Zoe dipped her massive, serpentine head, a final gesture of respect to Phonos. Then, she turned toward me. “You shine brightly today, child of Charon. The Acheron’s blessing has settled well on your shoulders.”

“As has Thanatos’s gift settled on your skin.”

She preened, visibly pleased at the praise. Then, she leaned in closer, a strange, almost childlike curiosity flickering in her inhuman eyes. “I had hoped… Perhaps you could explain something to me.”

That I didn’t expect. What could Zoe want to ask me? “Of course,” I replied. “What is it?”

She perked up, her tail swaying slightly on the floor of Kratos Circle. She seemed to have completely forgotten this was supposed to be a spar, not a chat. “They say there are creatures like me that hatch from those eggs in the market.”

Her question was so innocent it caught me completely off guard. An image surfaced in my mind, unbidden and absurdly mundane. The simple, brown-shelled eggs piled in a basket at astall in the Agora, nestled between pomegranates and a satyr’s horn.

The cyclops stall owner still brought produce in from the Korinos Wilds. Eggs, just like the ones Penelope used to lay, here in the middle of a city of death.

A chicken. A basilisk. A seer brought back from the dead, with a body of both flesh and metal. This was my life now.

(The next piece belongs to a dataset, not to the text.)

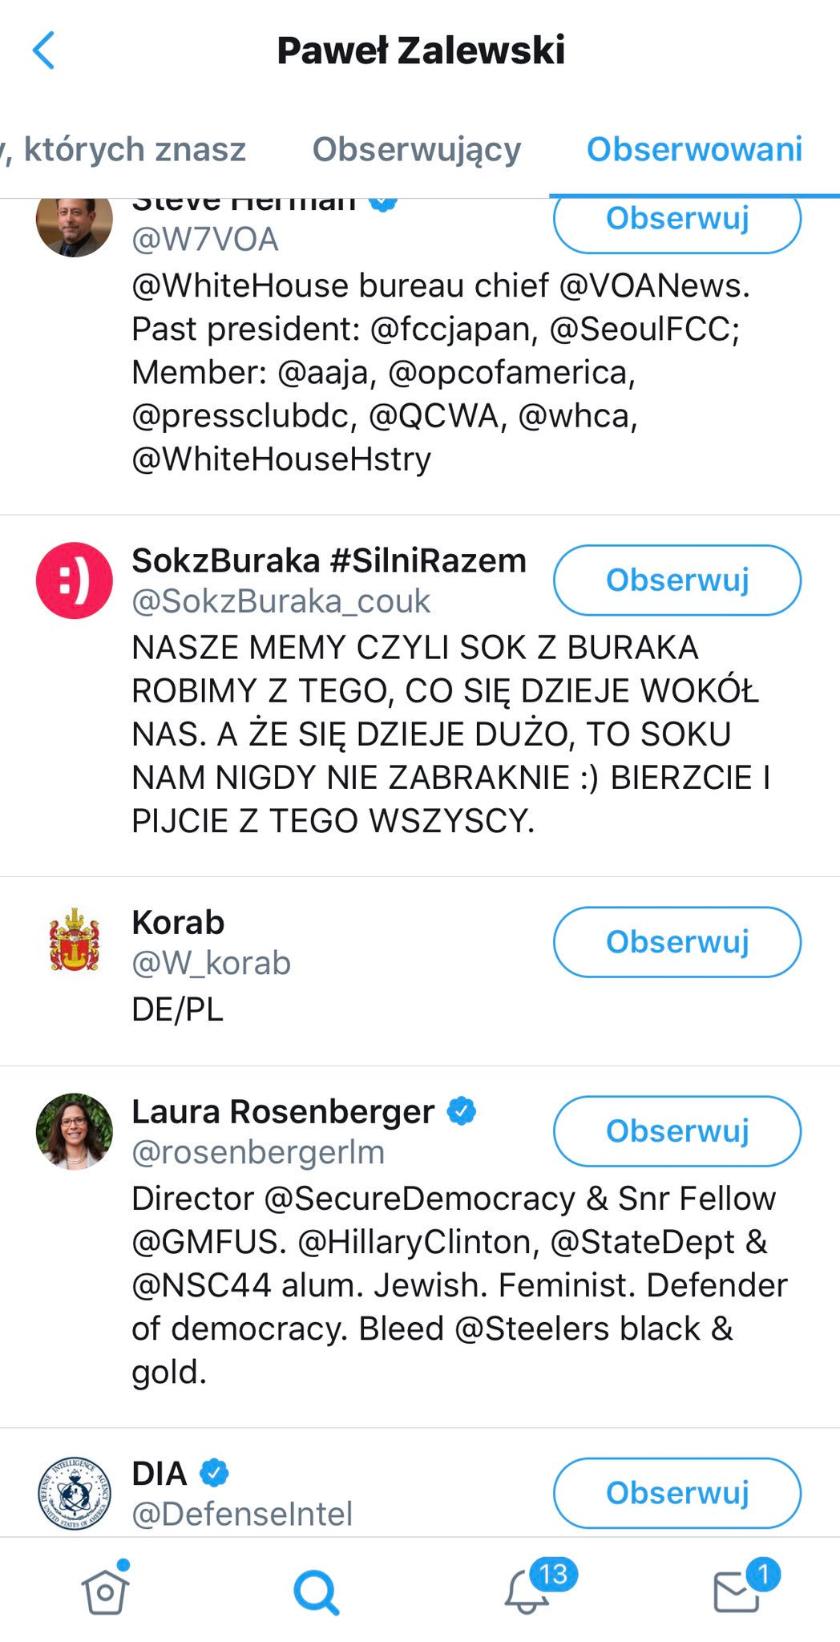 Sok z Buraka Twitter

I looked at Zoe, at her genuine, searching curiosity, and the last, tight knot of the past finally uncoiled in my chest. She was a mature Asphodelian today, but she was still trying to understand her own story. We were more alike than I’d thought.

I stepped forward, closing the small distance between us, my hand leaving the safety of Phonos’s arm. “Well, I can’t say I’ve ever heard of a basilisk hatching from a chicken egg. But when I was a child, there was this story about two cockatrices…”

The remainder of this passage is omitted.